▸ Exercise goal
Every line from the start of the data through the line containing "FOURNEAU-SAINT-MICHEL (Belgique) Musée" should be retyped exactly; the pictures should not.

▸ Exercise data
#####

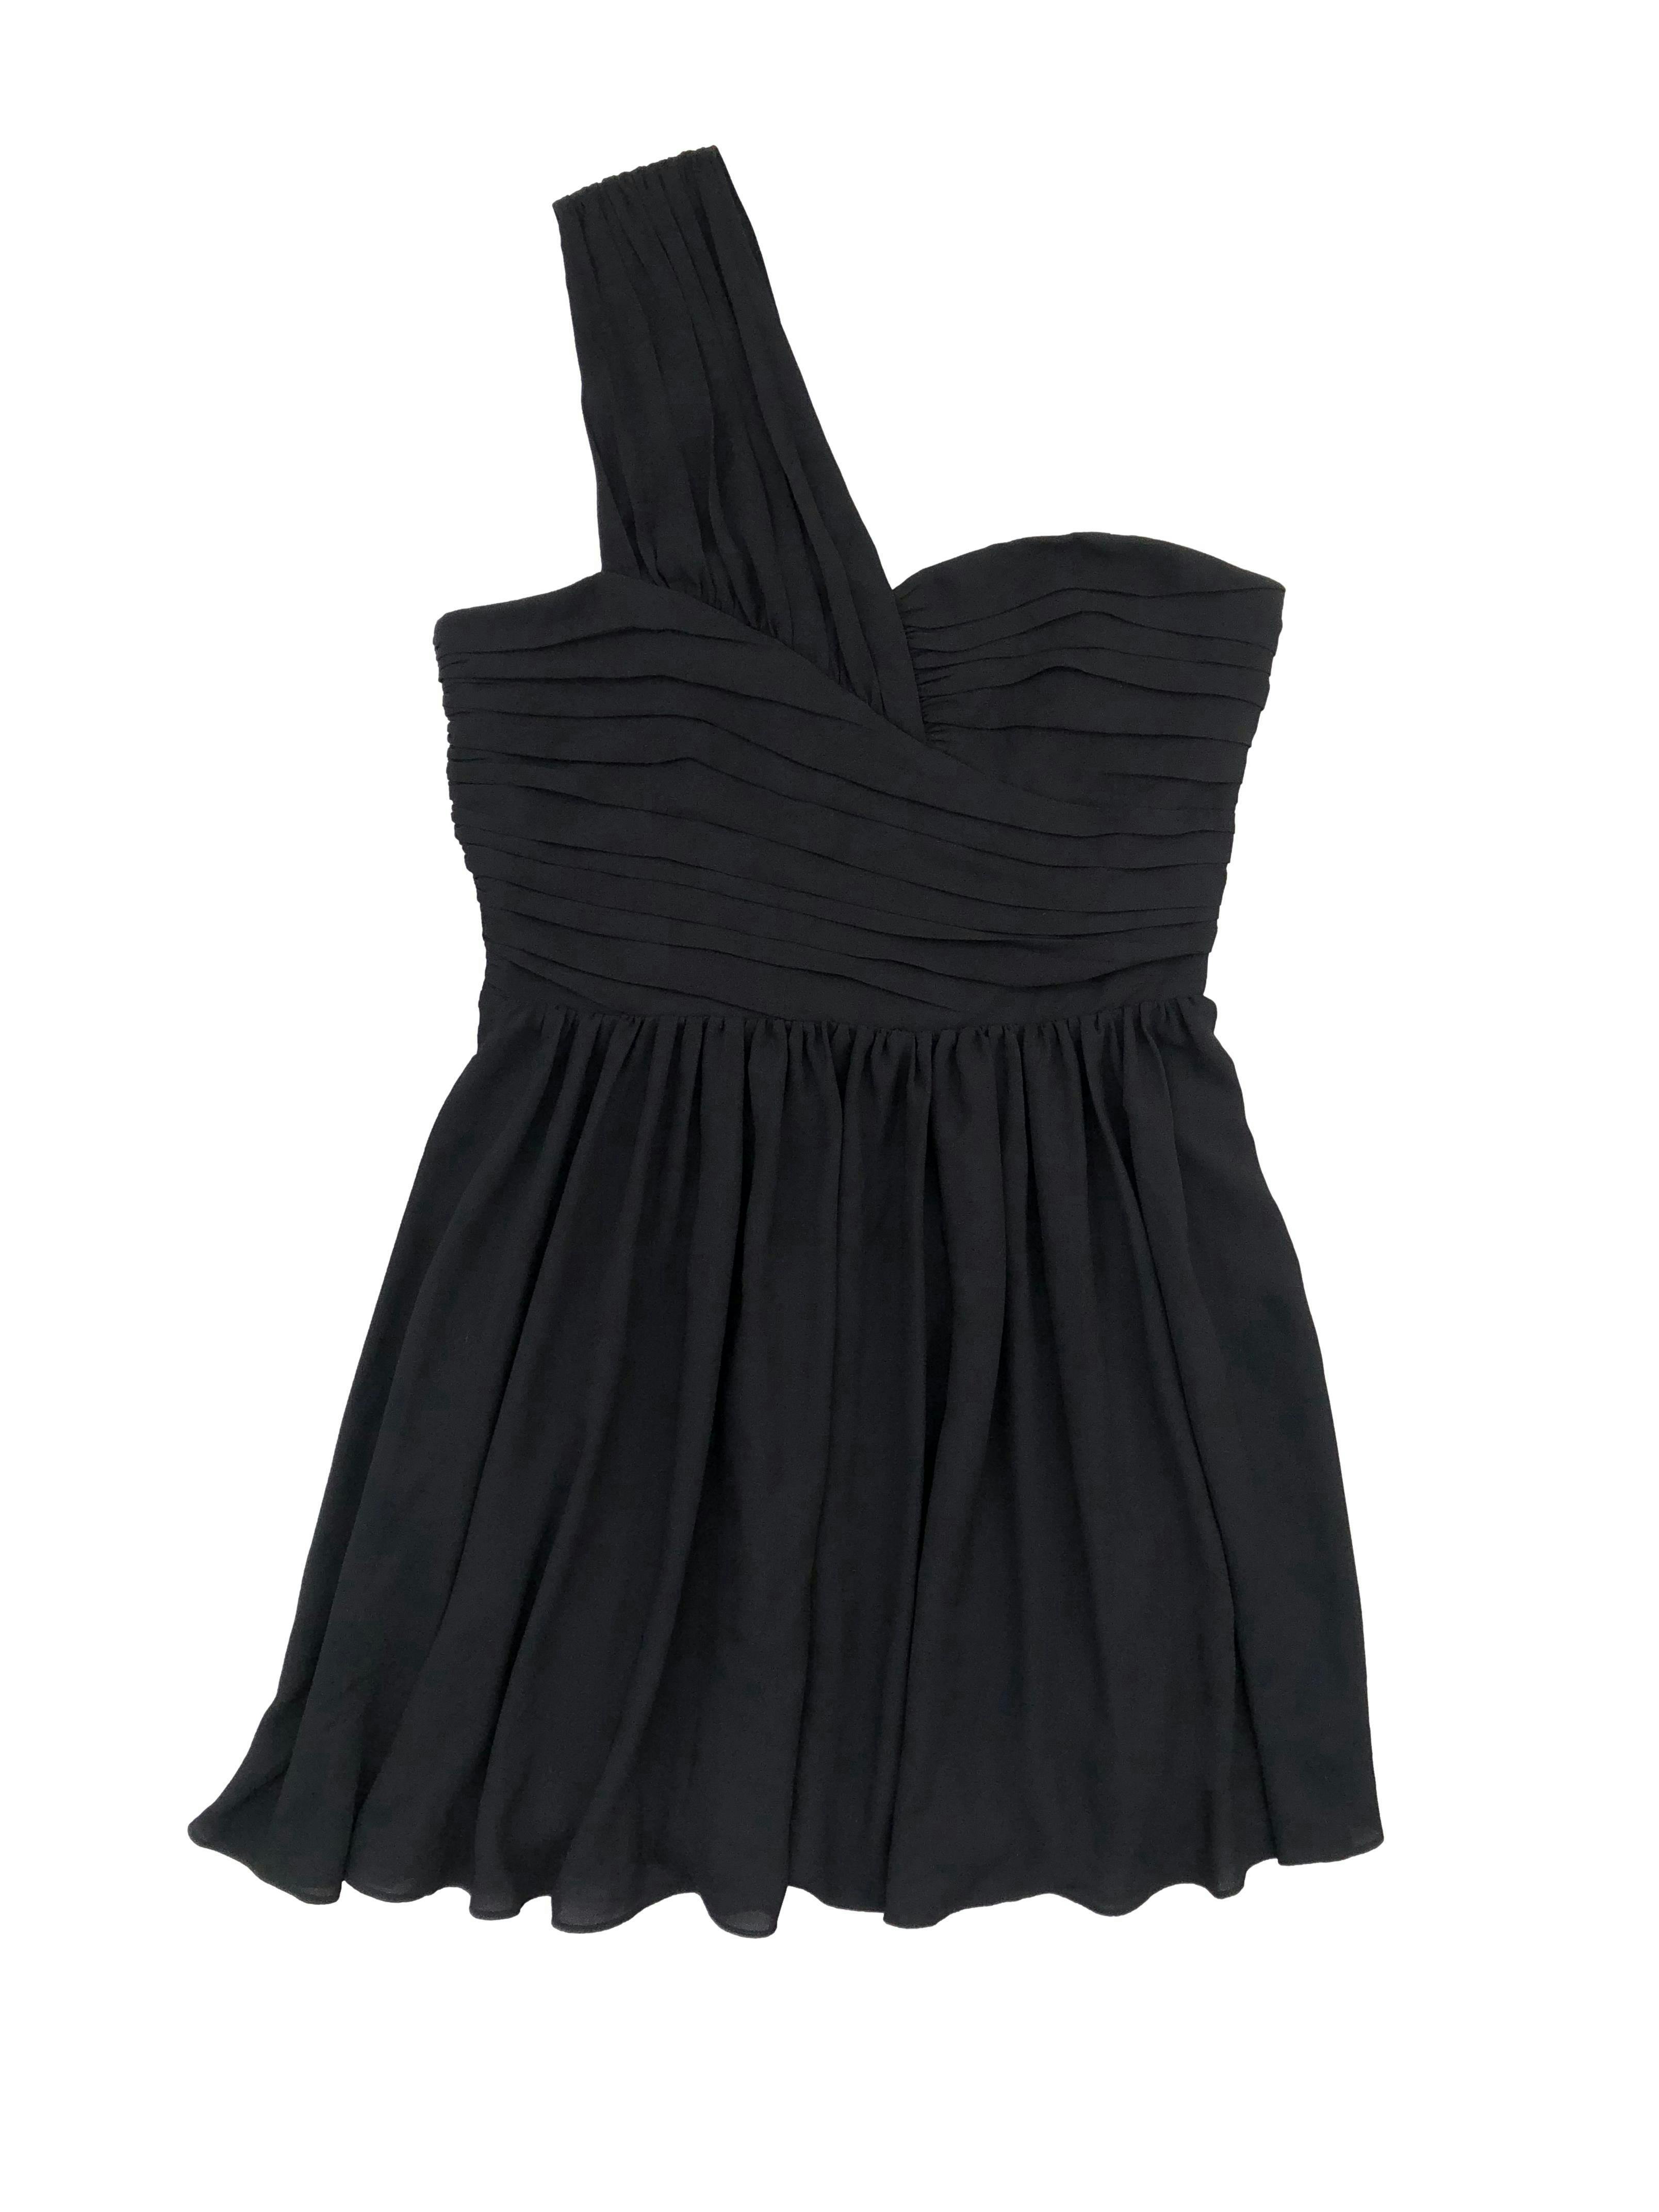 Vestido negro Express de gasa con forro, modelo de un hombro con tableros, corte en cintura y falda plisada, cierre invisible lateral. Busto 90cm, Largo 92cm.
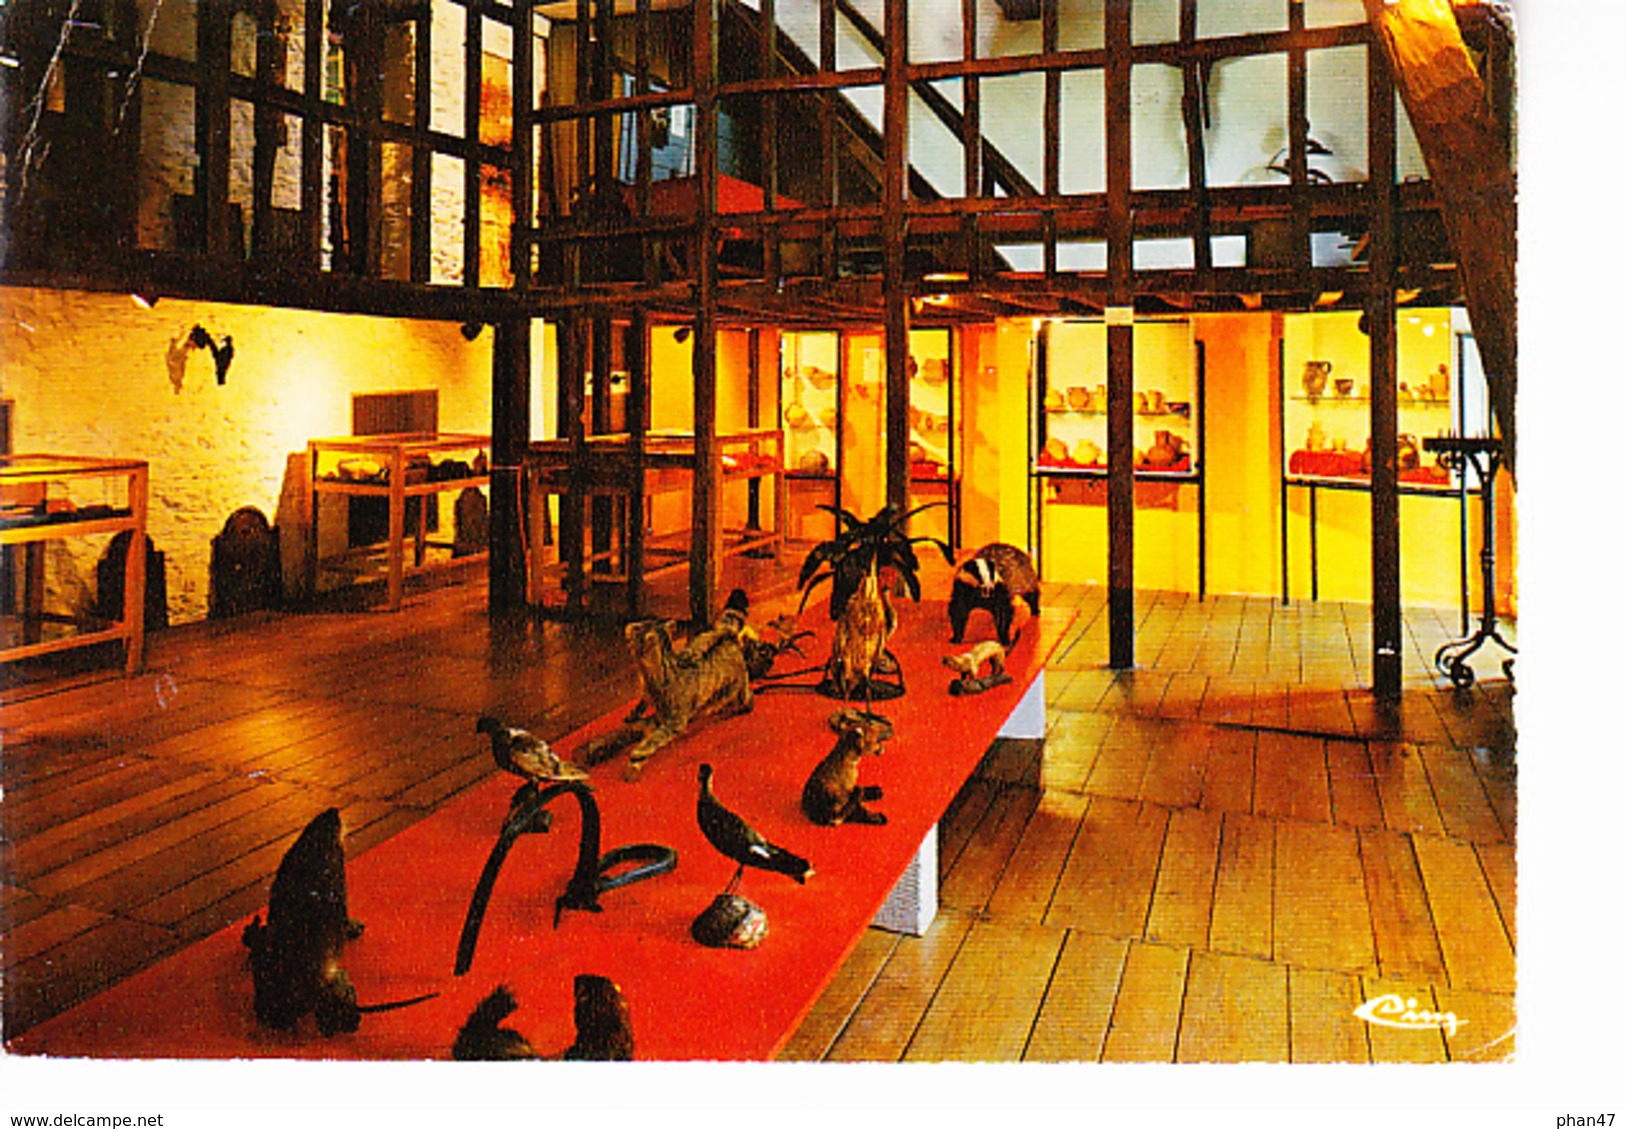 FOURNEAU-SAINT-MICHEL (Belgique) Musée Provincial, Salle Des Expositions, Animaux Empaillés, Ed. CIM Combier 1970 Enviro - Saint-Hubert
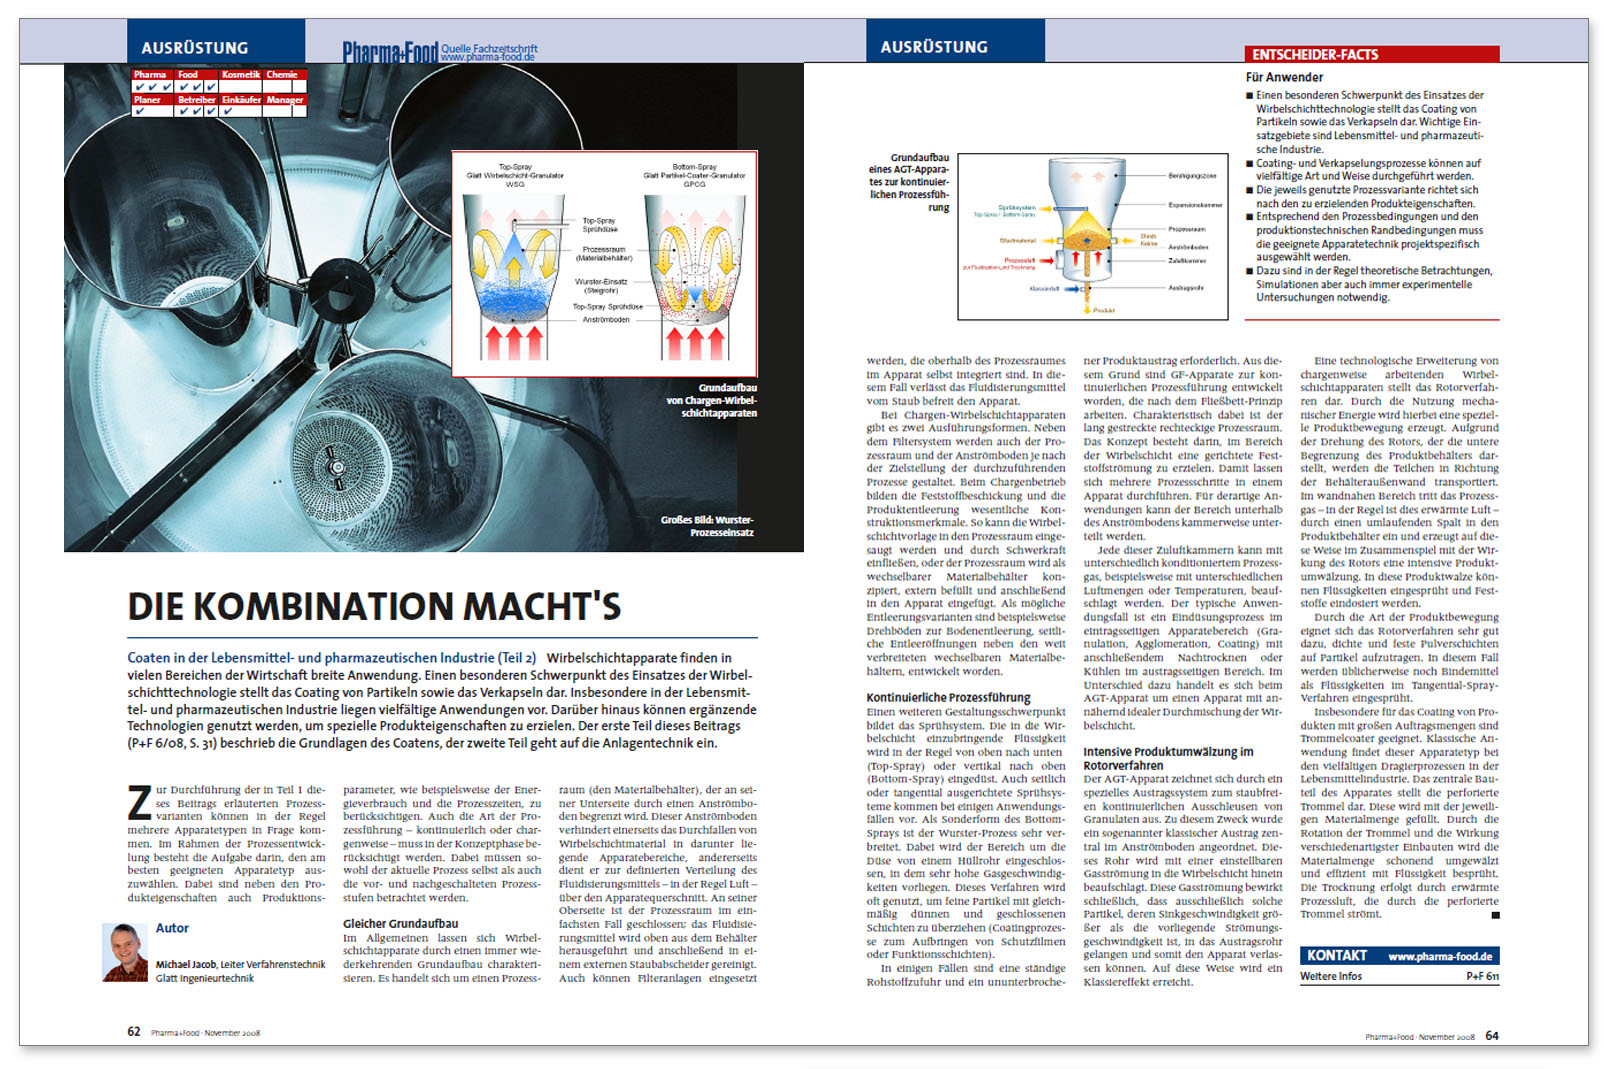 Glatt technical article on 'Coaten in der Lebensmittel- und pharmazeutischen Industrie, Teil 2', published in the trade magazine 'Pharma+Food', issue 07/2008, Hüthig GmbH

#####

▸ Output below
 Vestido negro Express de gasa con forro, modelo de un hombro con tableros, corte en cintura y falda plisada, cierre invisible lateral. Busto 90cm, Largo 92cm.
 FOURNEAU-SAINT-MICHEL (Belgique) Musée Provincial, Salle Des Expositions, Animaux Empaillés, Ed. CIM Combier 1970 Enviro - Saint-Hubert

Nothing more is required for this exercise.